Finding text in Windows files – and finding not text

I wanted to sanitize some computers (a.k.a remove all personal information) before sending them to their next home. I did ~not~ want to do a fresh install of an OS. Some the programs on the computer are very useful and configured, so I wanted to leave them on the computer, just bereaved of any personal information or authorizations.

For example, I use FileZilla. I deleted all my accounts, so the new owner could not access them, but only with a deeper scan of the computer did I find that Filezilla kept a “recently used” server list in plaintext file that included my accounts and passwords. Ouch!
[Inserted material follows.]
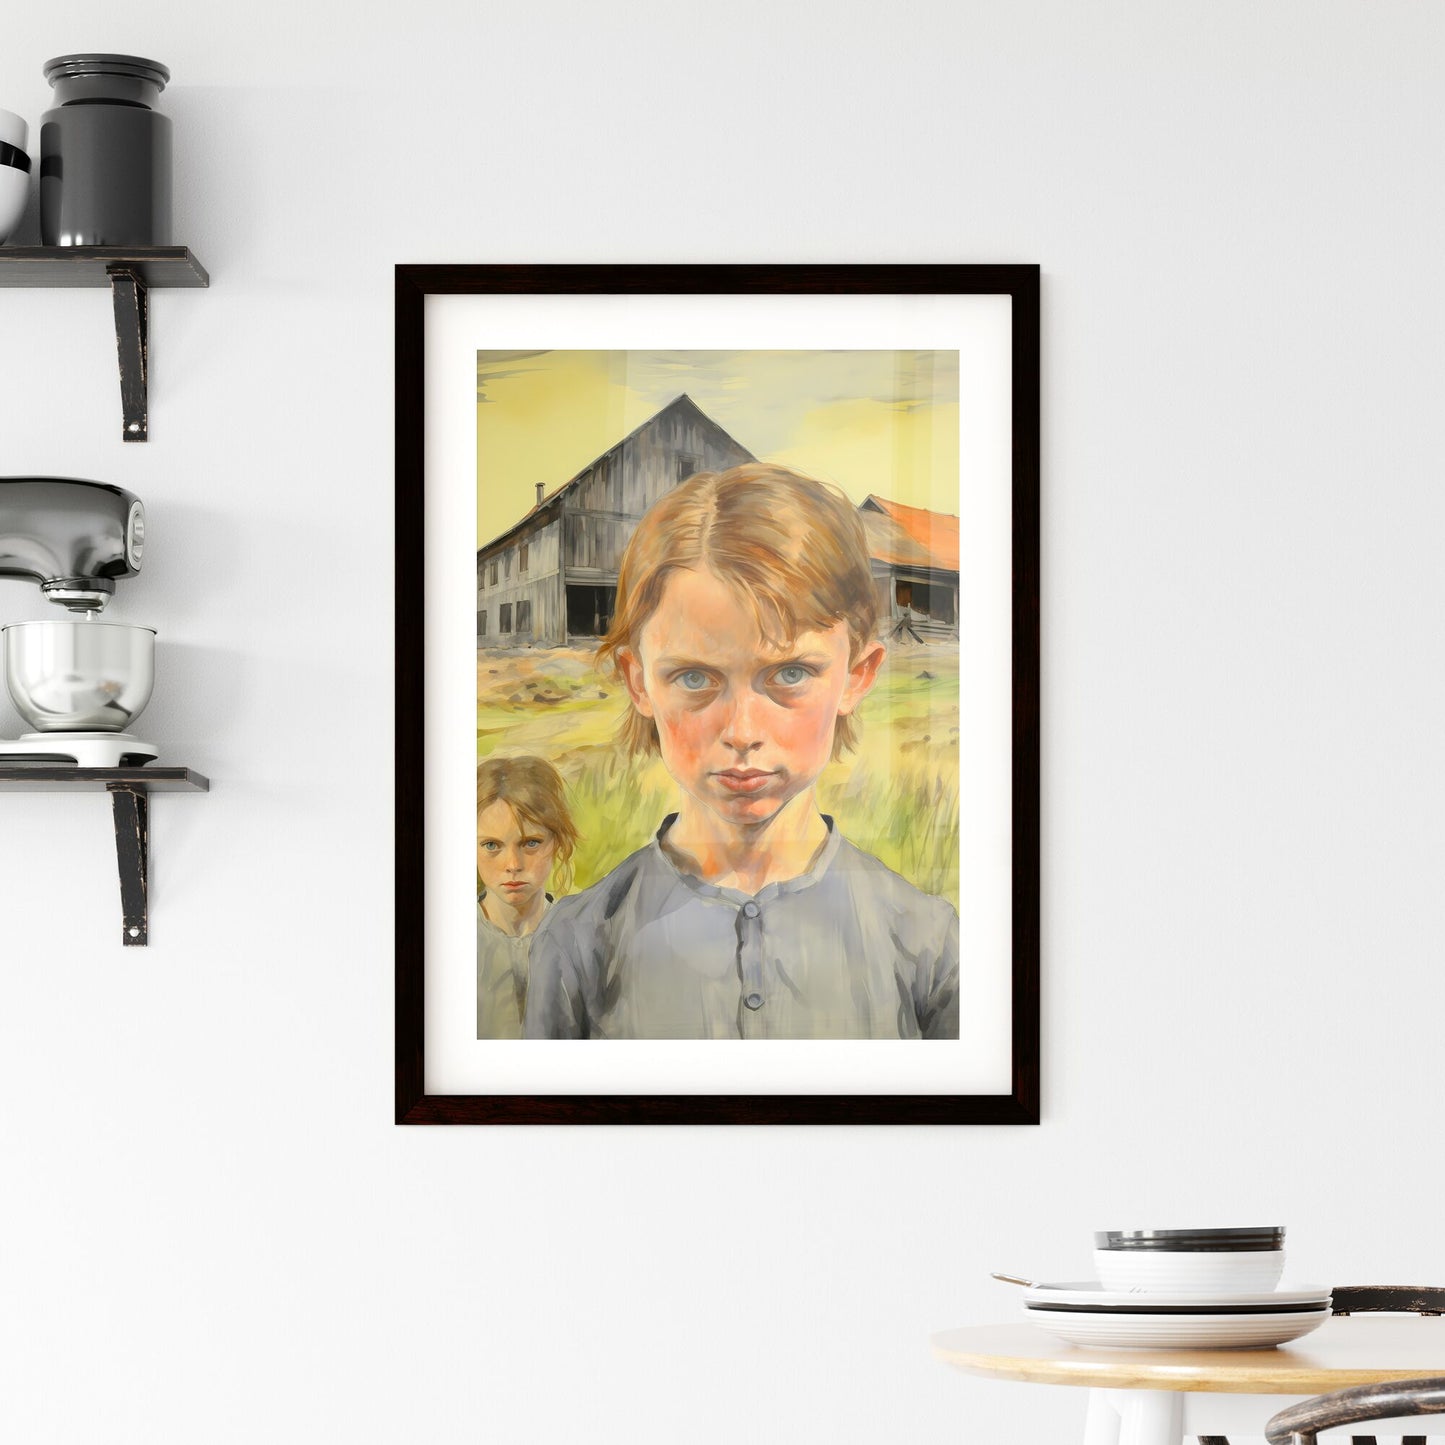 A Poster of In a country side - A Girl Looking At The Camera Default Title

After un-installing everything I want to uninstall, and deleting known configuration files (searching all of your computer for files matching the program name is a good start), I wanted to scan the computer to know if any file on the computer has in the file (not in the name of the file) my name, my emails, pieces of my email, my passwords, or any other “HIT” texts. I also needed “not” find functions; for example, find “pepper” but don’t find “peppers”.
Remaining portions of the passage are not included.